I'm working through MIT's OCW single-variable calculus course. The problem is taken from Problem set 7: Question 4B-5.1
Q: Find the volume of an equilateral triangle with side length a which is rotated around one of its sides.
I am actually doing the calculus side okay, I believe. My difficulty is with the trigonometry/geometry setting up the problem. Here is how I set up the integral:
$$ 2 \int_0^\frac{a}{2} \pi(\frac{\sqrt{3}}{a}x)^2dx $$
My integrand is apparently wrong. I've calculated $y$ to be a function of $x$ such that $y = \frac{\sqrt{3}}{a}x$. The solution sets it up the integral exactly the same, except that $y = \sqrt{3}x$.
Here is how I derived the integrand:
Let the equilateral triangle sit with one side along the x-axis and its leftmost vertex at (0,0) and its rightmost vertex at (a, 0). The strategy will be to split the triangle in half, integrate the rotated solid around the x-axis, and multiply by two to get the whole triangle.
So the function to be integrated is a simple linear f(x) from 0 to $\frac{a}{2}$. Great. But what is $f(x)$? Here's where I go wrong.
I derived the slope of the line of f(x) by observing that the vertex at (0,0) is $\frac{\pi}{3}$ radians.
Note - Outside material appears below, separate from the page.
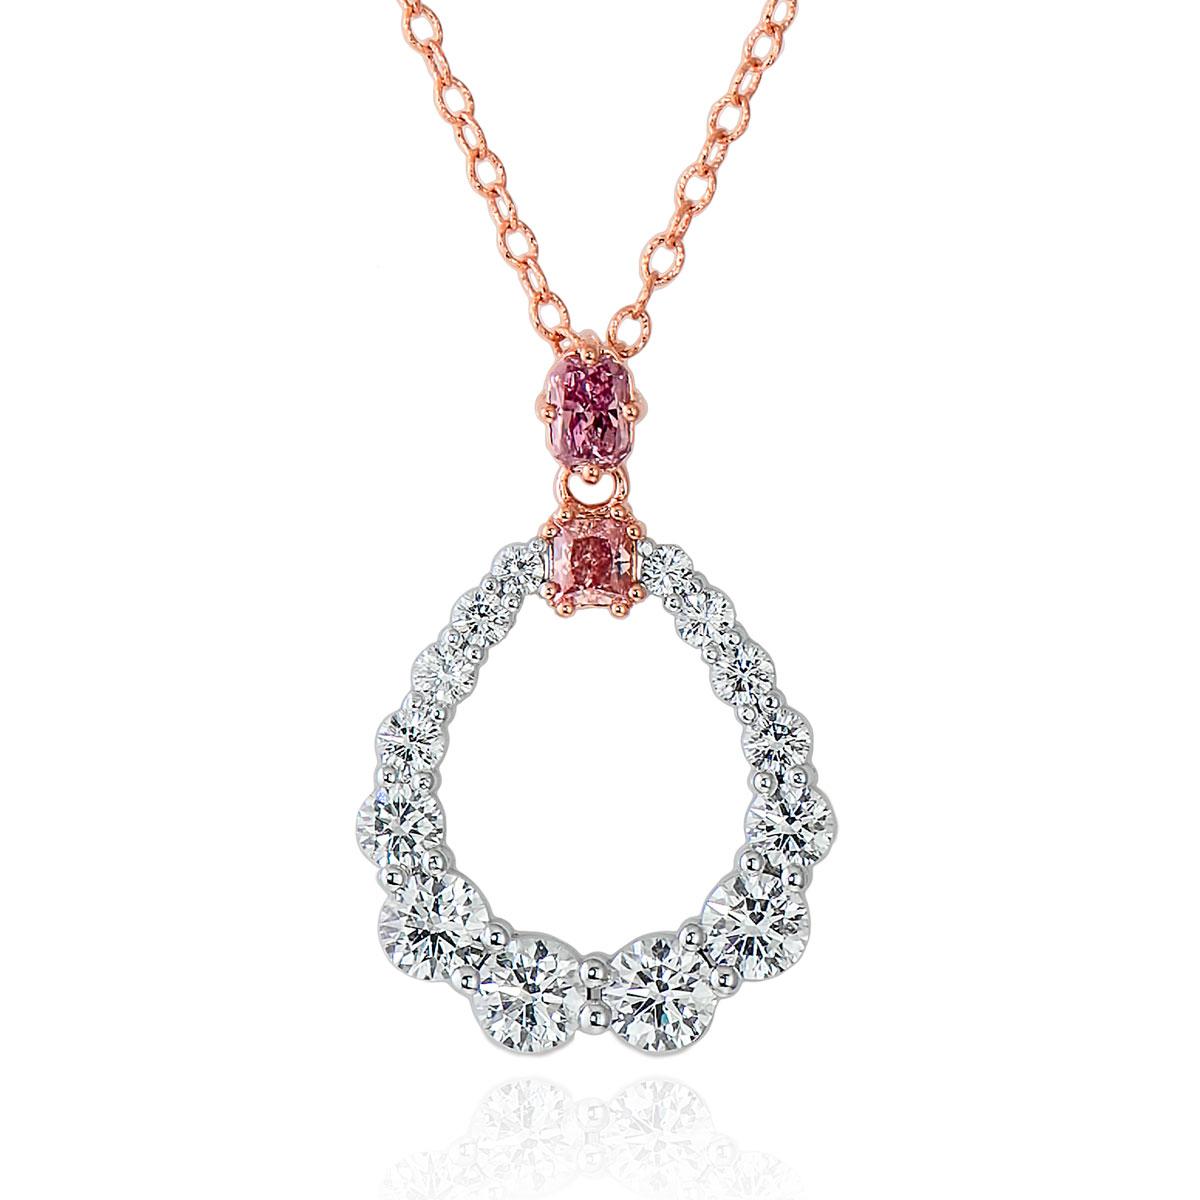 0.44ct (Argyle) Fancy Intense Purplish Pink & 0.35ct (Argyle) Fancy Intense Pink Diamond Pendant (4.15ct TW)
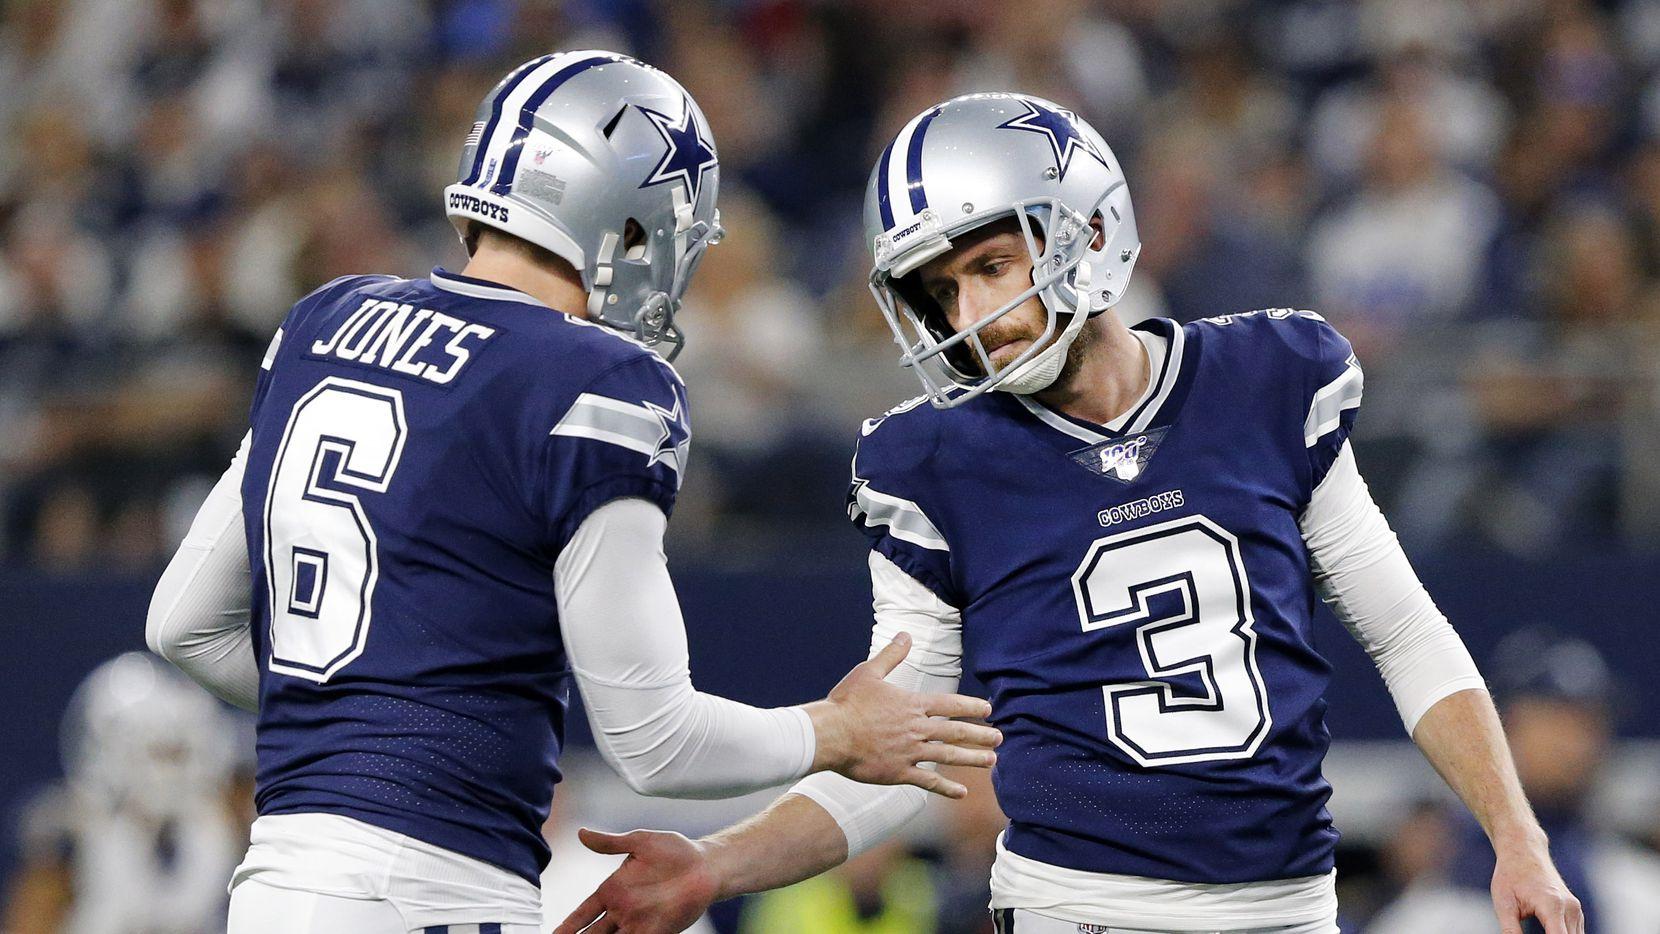 Dallas Cowboys holder Chris Jones (6) congratulates new kicker Kai Forbath (3) on his second half field goal against the Los Angeles Rams at AT&T Stadium in Arlington, Texas, Sunday, December 15, 2019. The Cowboys defeated the Rams, 44-21.

Using sohcahtoa, I calculated the height of the triangle (i.e., $f(\frac{a}{2})$) as:$$\sin(\frac{\pi}{3})$$
To then derive the slope of f, I simply did rise-over-run, i.e. (plugging in for $\sin\frac{\pi}{3})$: $$\frac{\sqrt{3}}{2}\div\frac{a}{2} = \frac{\sqrt{3}}{a}$$
Which is the slope of the function f(x). I will leave it here, as I don't think the calculus is the problem. Clearly, I've done something wrong in the way I derived the slope of $f(x)$. What am I missing? What would have been the correct way to calculate $f(x)$ to arrive at $y = \sqrt{3}x$?
You were close, but height needs to be $a\sin\left(\frac \pi 3\right)$. Then slope is given by $\dfrac {\frac {a\sqrt 3}2}{\frac a2} = \sqrt 3$.